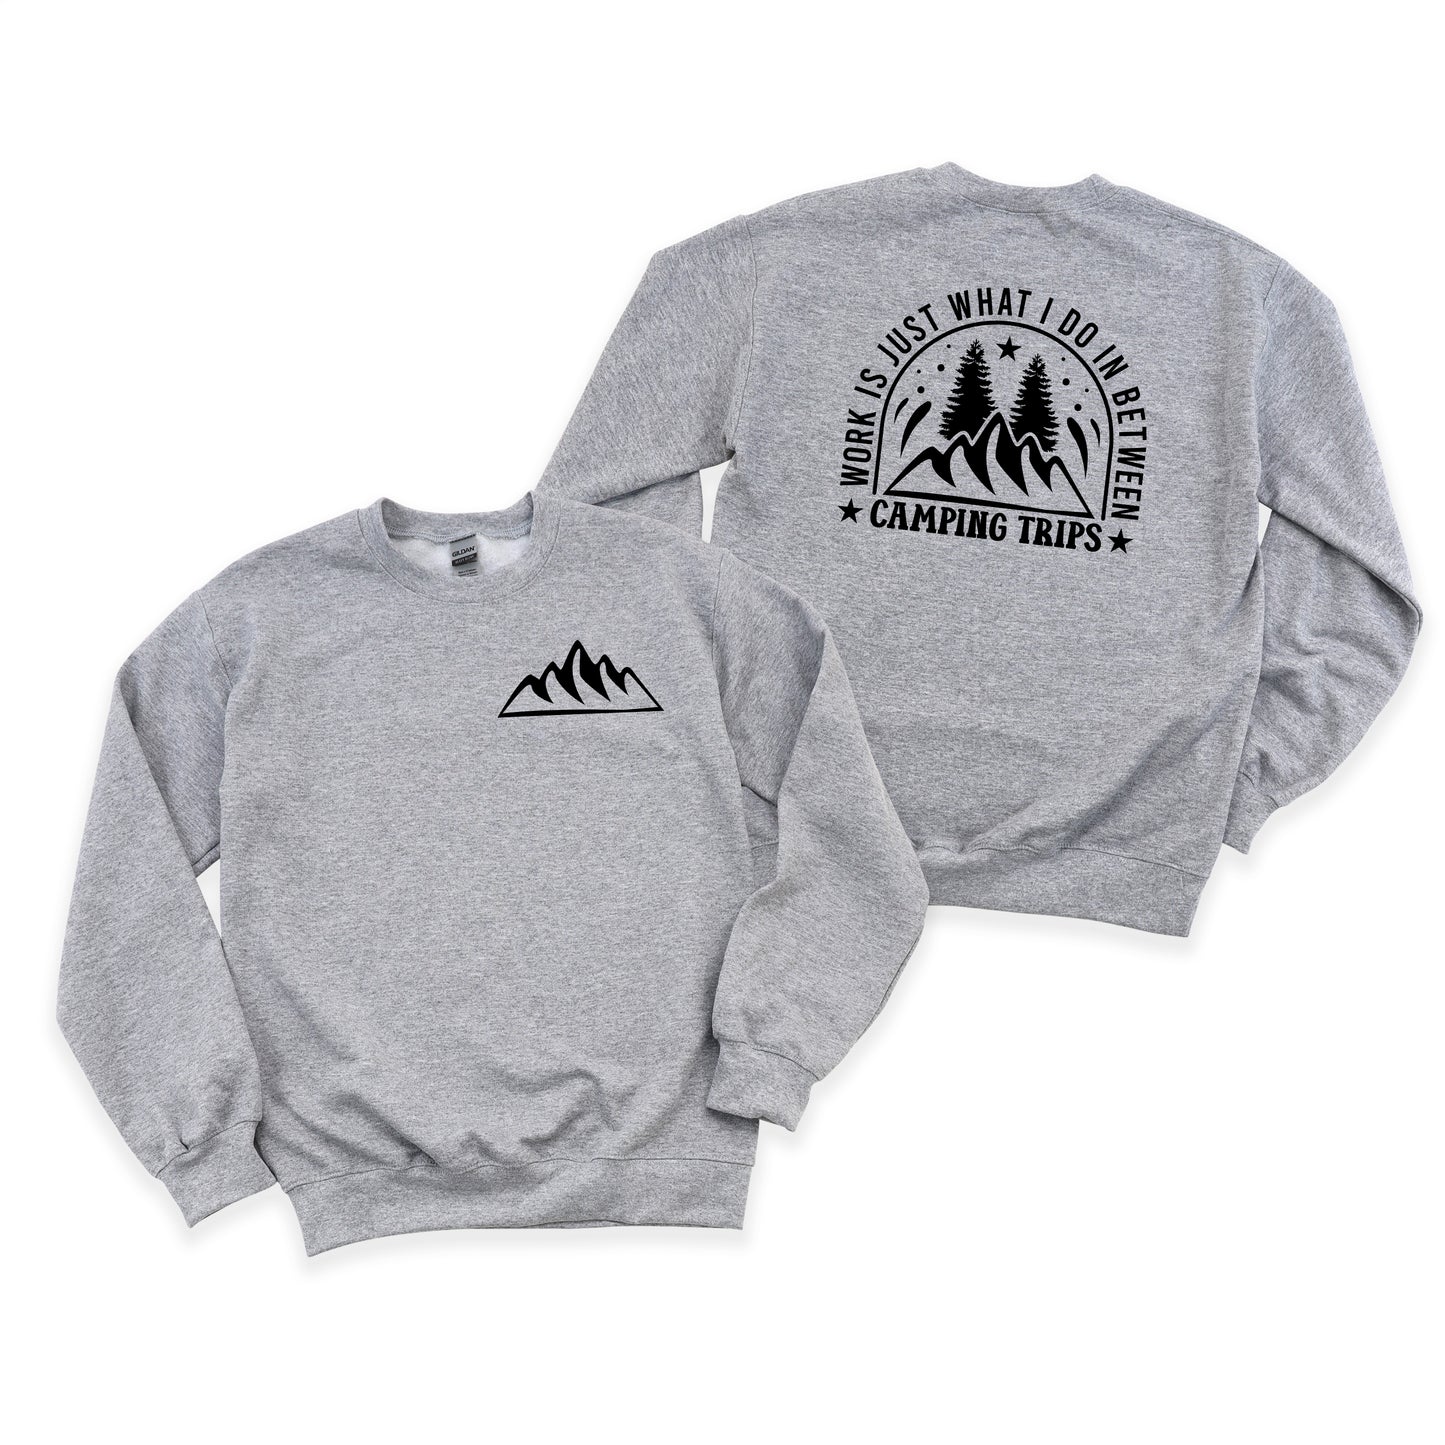 Work Between Camping Trips | Front and Back Sweatshirt
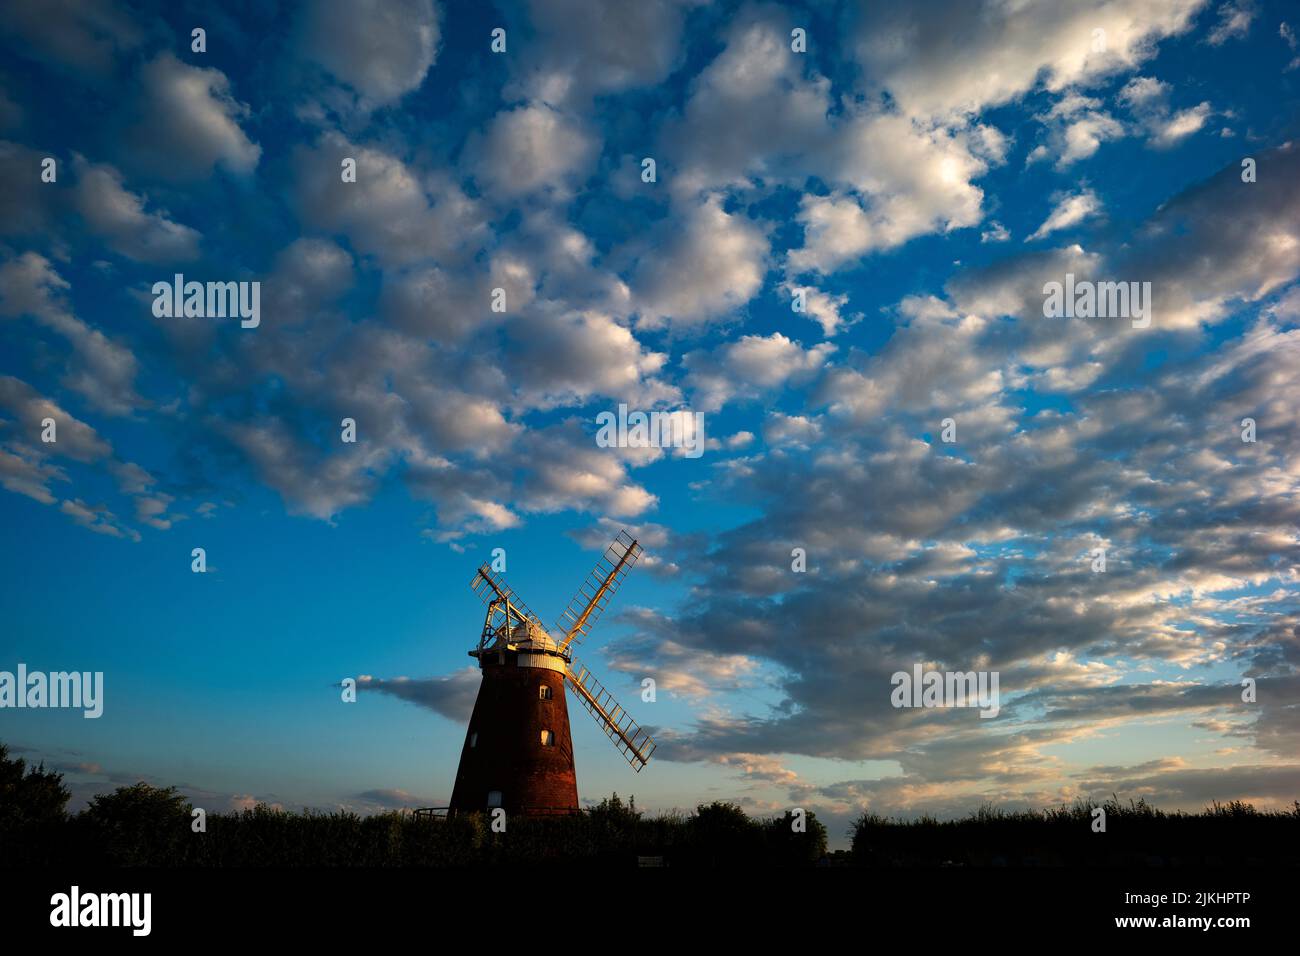 Thaxted Essex England Thaxted Windmill July 2022 John Webb’s Windmill also known as Thaxted Windmill in late evening sunlight against a mackerel sky. Stock Photo
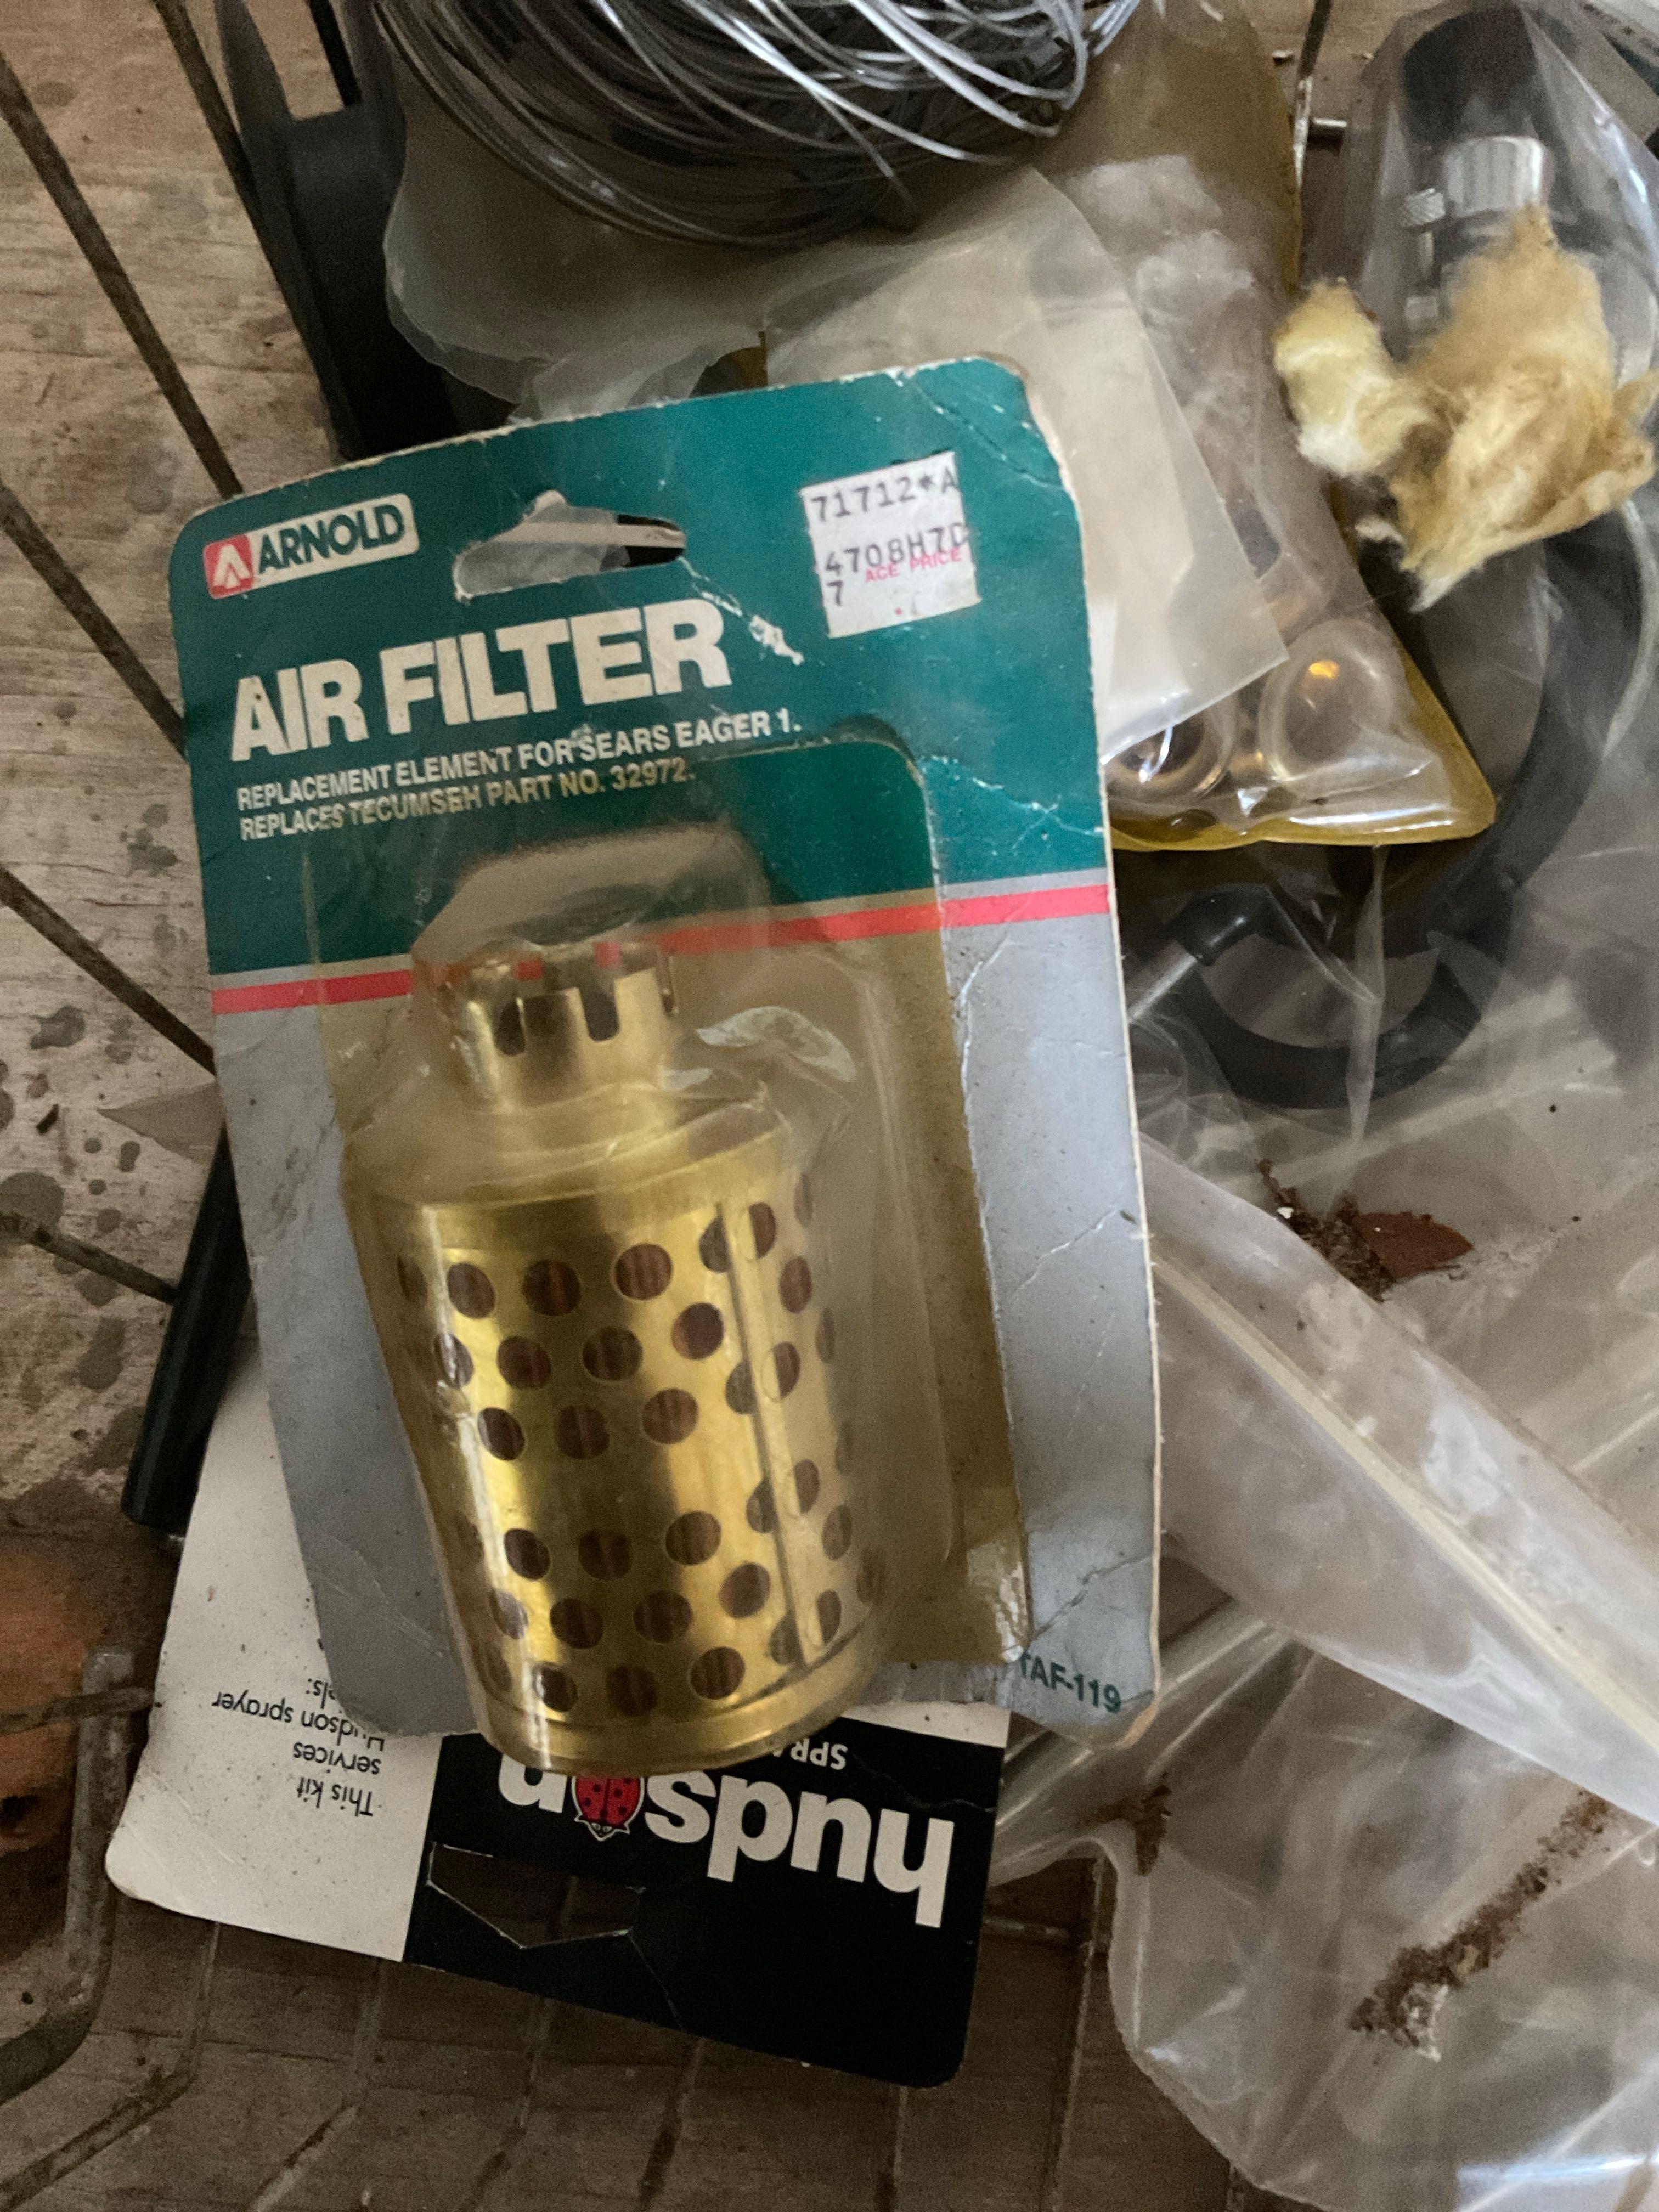 Air filter and more

What needs to be done:
Word for word, repeat the data above with the pictures left out.

Completed task:
 Work Between Camping Trips | Front and Back Sweatshirt
 Thaxted Essex England Thaxted Windmill July 2022 John Webb’s Windmill also known as Thaxted Windmill in late evening sunlight against a mackerel sky. Stock Photo
 Air filter and more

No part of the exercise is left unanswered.